La investigación aún está en curso. Sin embargo, las investigaciones iniciales sugieren que el incendio se originó a partir de trabajos de soldadura inseguros. Las alarmas de incendio del edificio no se habían activado y los dispositivos de seguridad eran inadecuados.
Además, la catedral, que data del siglo XII, tenía estructuras de madera, cuyo armazón, apodado la “foresta”, era particularmente vulnerable. Estos elementos combinados permitieron que el fuego se propagara rápidamente, destruyendo la emblemática aguja y parte del techo.
En menos de 30 minutos, las llamas envolvieron una gran parte del techo y la estructura de la catedral. Los esfuerzos de rescate se movilizaron rápidamente. Pero la compleja estructura del edificio y el riesgo de colapso complicaron la lucha contra el incendio.
El incendio envió ondas de conmoción por todo el mundo.
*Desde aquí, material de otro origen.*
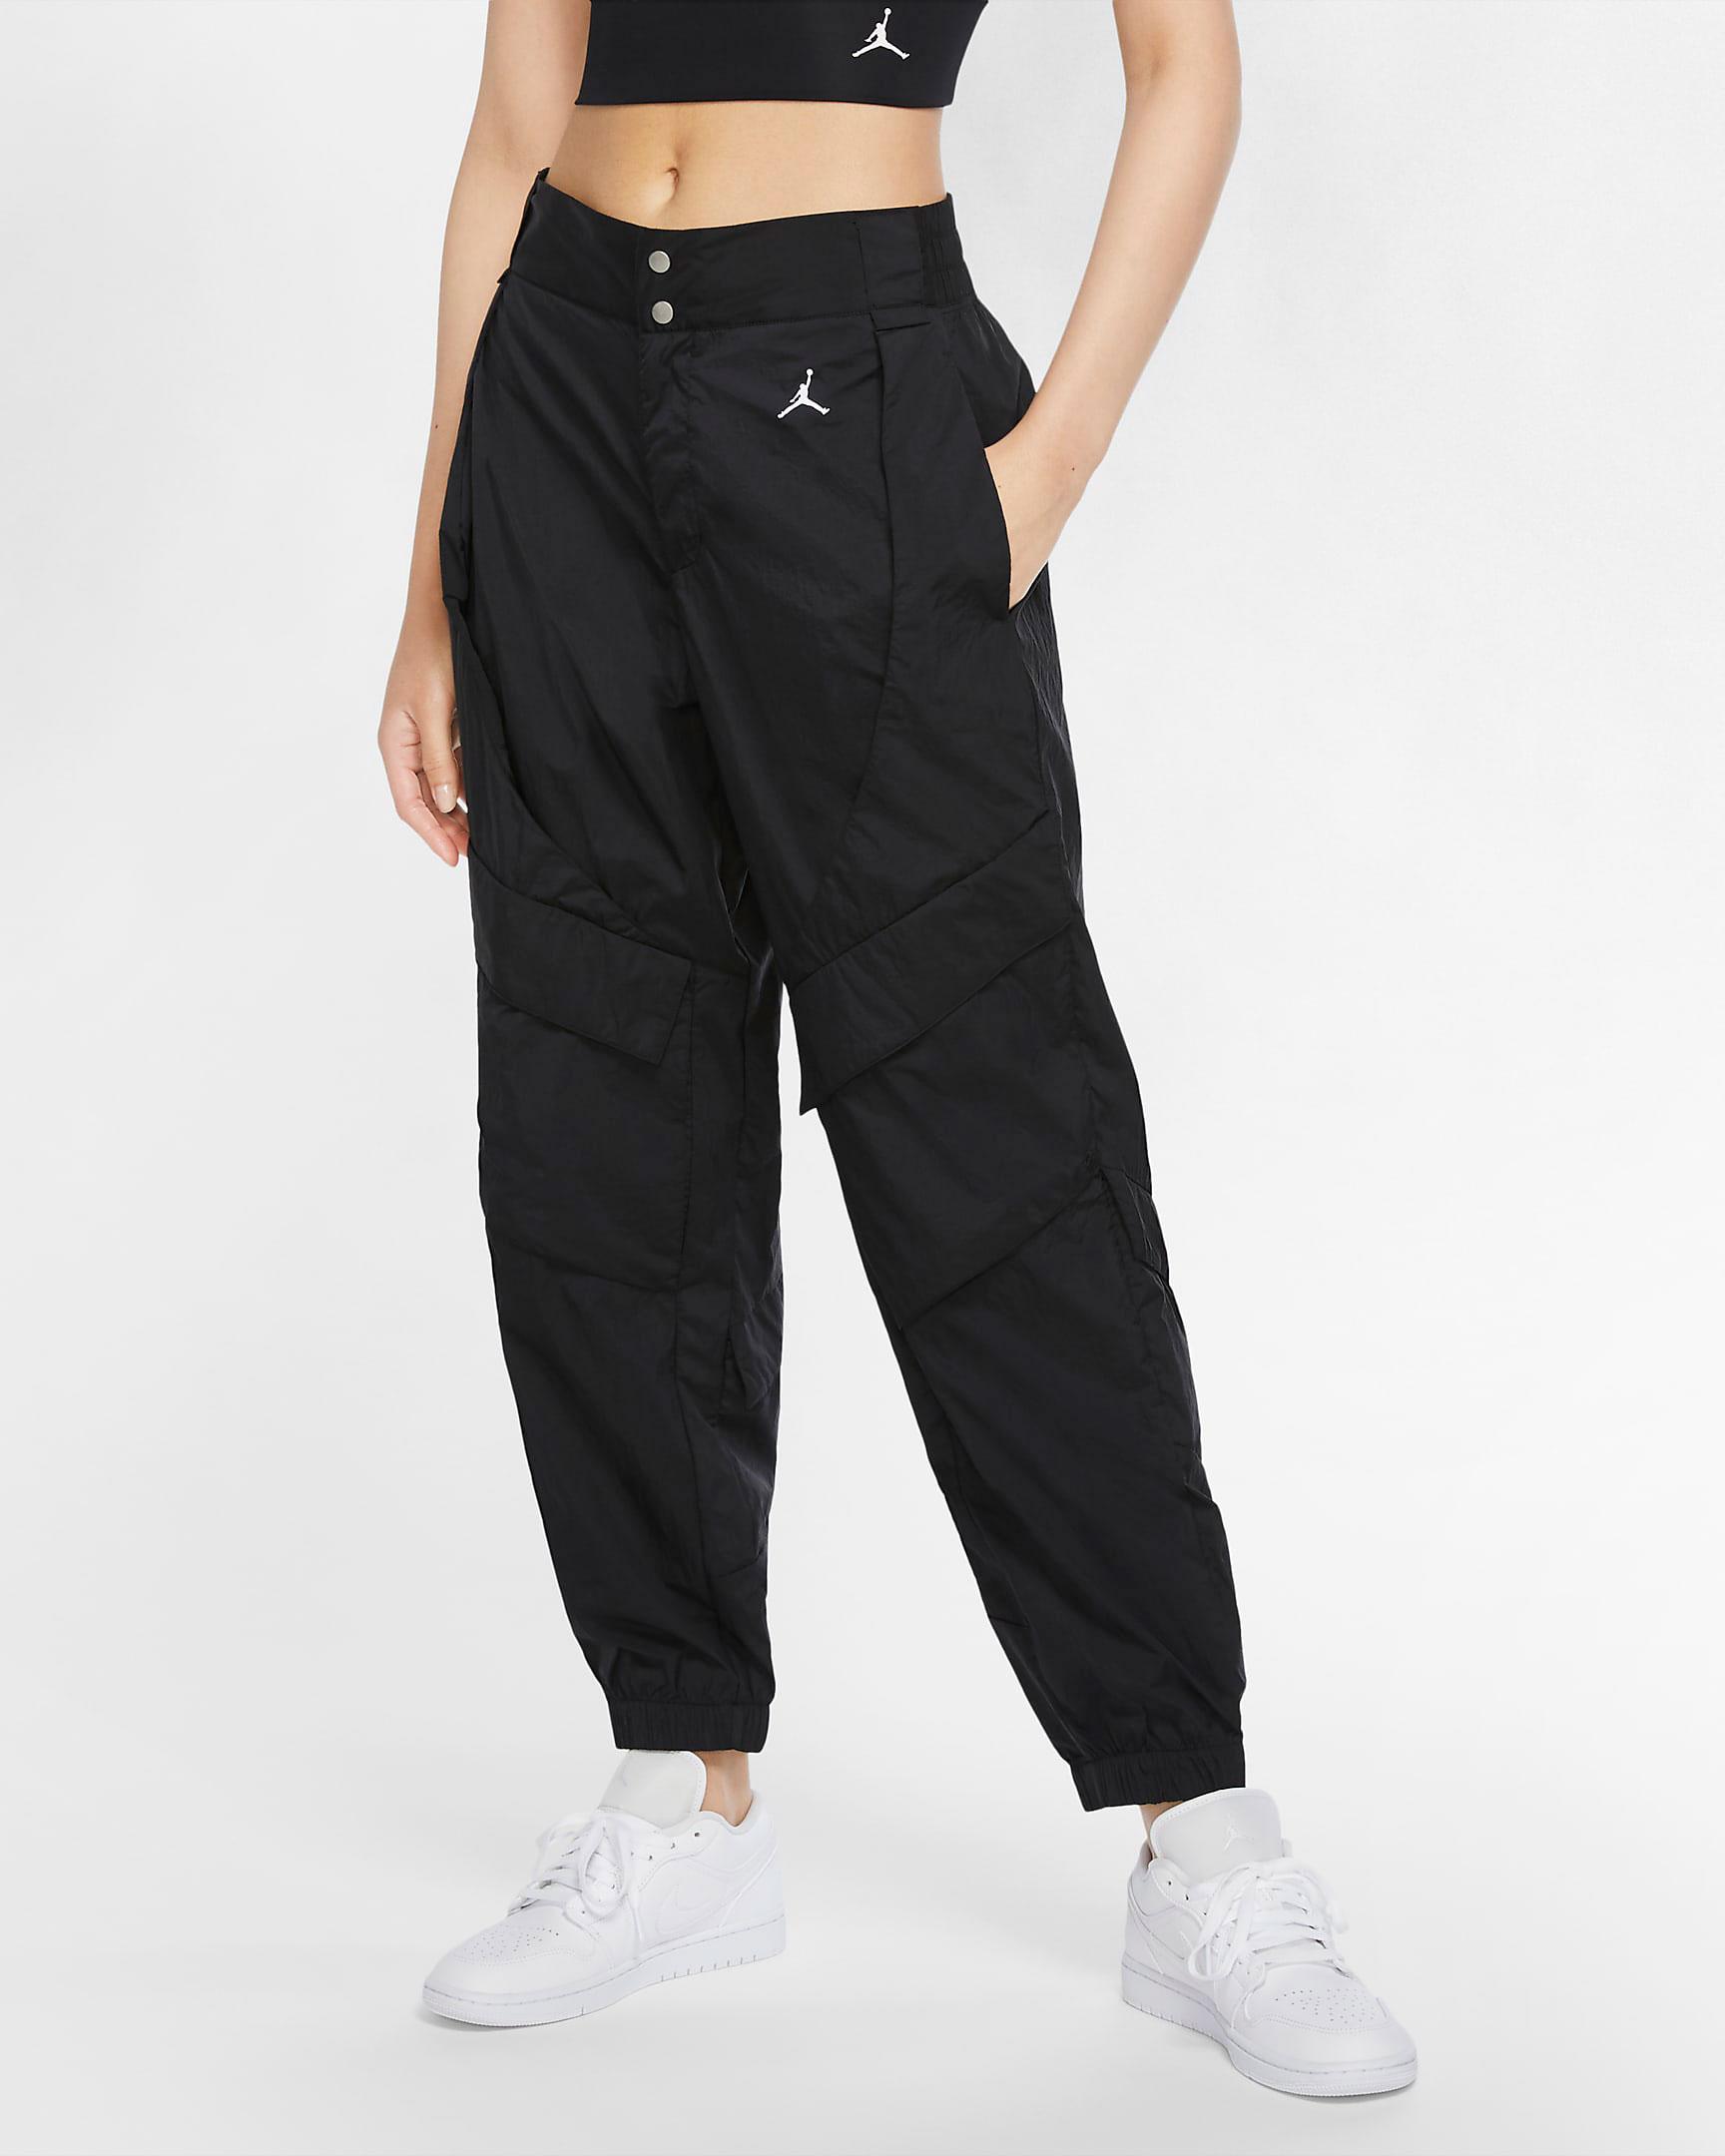 jordan-womens-utility-pant-black-1

Millones de personas siguieron los eventos en vivo por televisión y redes sociales. Se realizaron manifestaciones de solidaridad en París y otras ciudades del mundo, testimoniando la importancia simbólica de Notre-Dame para la humanidad.
La fase de emergencia definió el día después del incendio del 15 de abril en Notre Dame
Después del incendio, la fase de emergencia comenzó al día siguiente. Esta fase fue crucial para asegurar el sitio, evitar más daños y preparar el edificio para su restauración.
Desafíos al inicio de la operación de rescate tras el incendio de Notre Dame
La fase de emergencia no estuvo exenta de problemas. Numerosos obstáculos dificultaron los esfuerzos para asegurar y preservar las obras.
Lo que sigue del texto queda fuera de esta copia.